The reason he brings it up-- aside from obvious interest in what the Fed should do about interest rates-- is because a recent paper by Thomas Laubach of Federal Reserve and San Francisco Fed President John Williams has just provided updated estimates of the natural rate for the U.S. Laubach and Williams estimate that the natural rate has fallen to around 0% in the past few years.
The authors' estimates come from a methodology they developed in 2001 (published 2003). The earlier paper noted the imprecision of estimates of the natural rate. The solid line in the figure below presents their estimates of the natural real interest rate, while the dashed line is the real federal funds rate. The green shaded region is the 70% confidence interval around the estimates of the natural rate. (Technical aside: Since the estimation procedure uses the Kalman filter, they compute these confidence intervals using Monte Carlo methods from Hamilton (1986) that account for both filter and parameter uncertainty.) The more commonly reported 90% or 95% confidence interval would of course be even wider, and would certainly include both 0% and 6% in 2000.
|Source: Laubach and Williams 2001|
|Source: Laubach and Williams 2015|
Note the difference in y-axes on the two preceding figures. If you were to draw those green confidence bands from the older paper on the updated figure from the newer paper, they would basically cover the whole figure. In a "statistical significance" sense (three stars***!), we might not be able to say that the natural rate has fallen. (I can't be sure without knowing the standard errors of the updated estimates, but that's my guess given the width of the 70% confidence intervals on the earlier estimates, and my hunch that the confidence intervals for the newer estimates are even wider, because lots of confidence intervals got wider around 2008.)
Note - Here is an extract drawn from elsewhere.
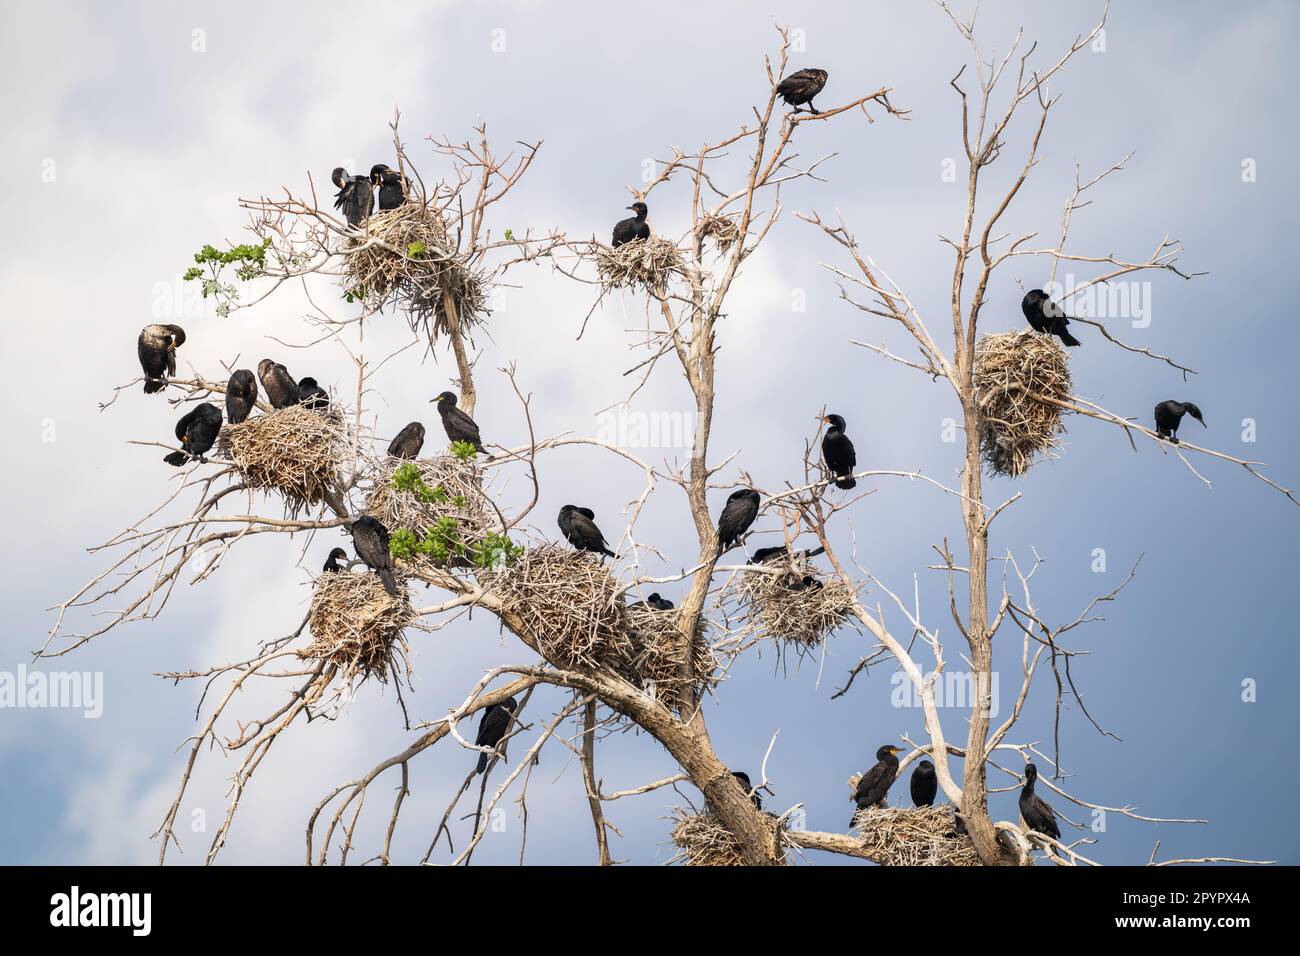 Uccelli cormorani a doppia cresta che nidificano in un alto serpente, o albero morto, con nidi sparsi in tutto contro un cielo azzurro con nuvole. Foto Stock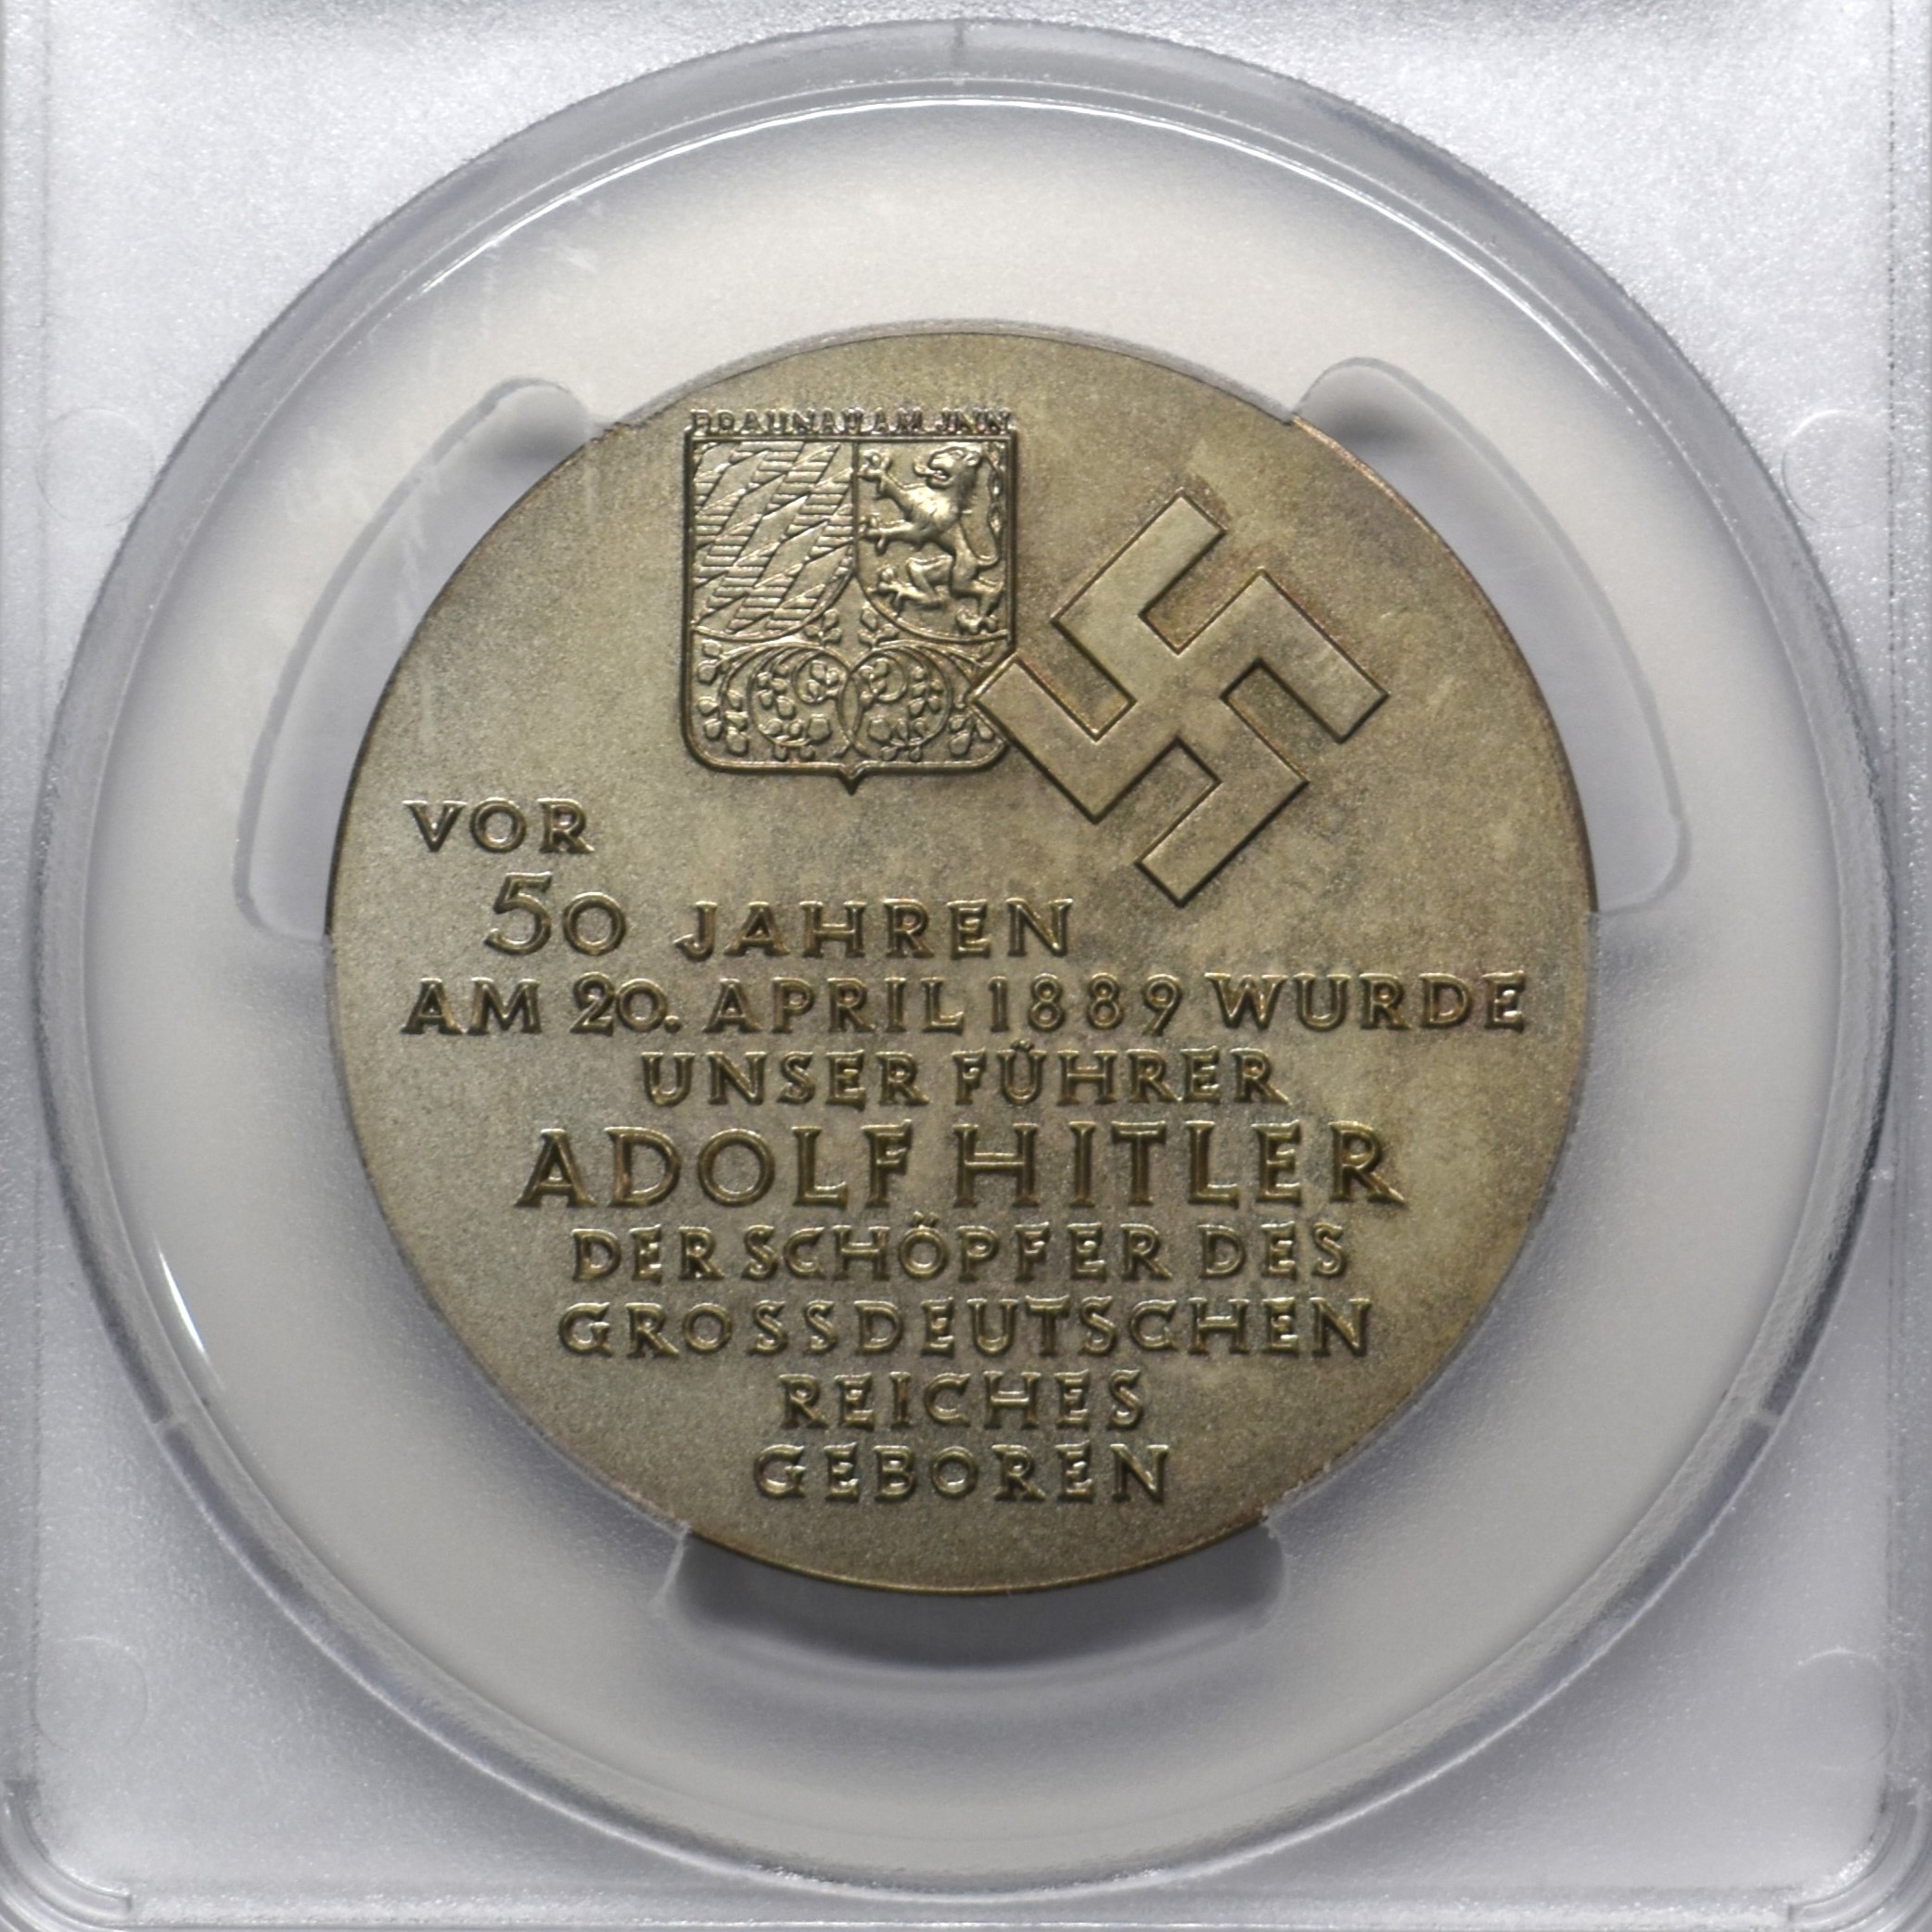 1939年 アドルフ・ヒトラー 生誕50年記念 銀メダル SP66 PCGS

I point this out not to say that these findings are insignificant. Quite the opposite, in fact. The economic significance of a decline in the natural rate is so large, in terms of policy implications and what it says about the underlying growth potential of the economy, that this result merits a lot of attention even if it lacks p<0.05 statistical significance. I think it is more common in the profession to overemphasize statistical significance over economic significance.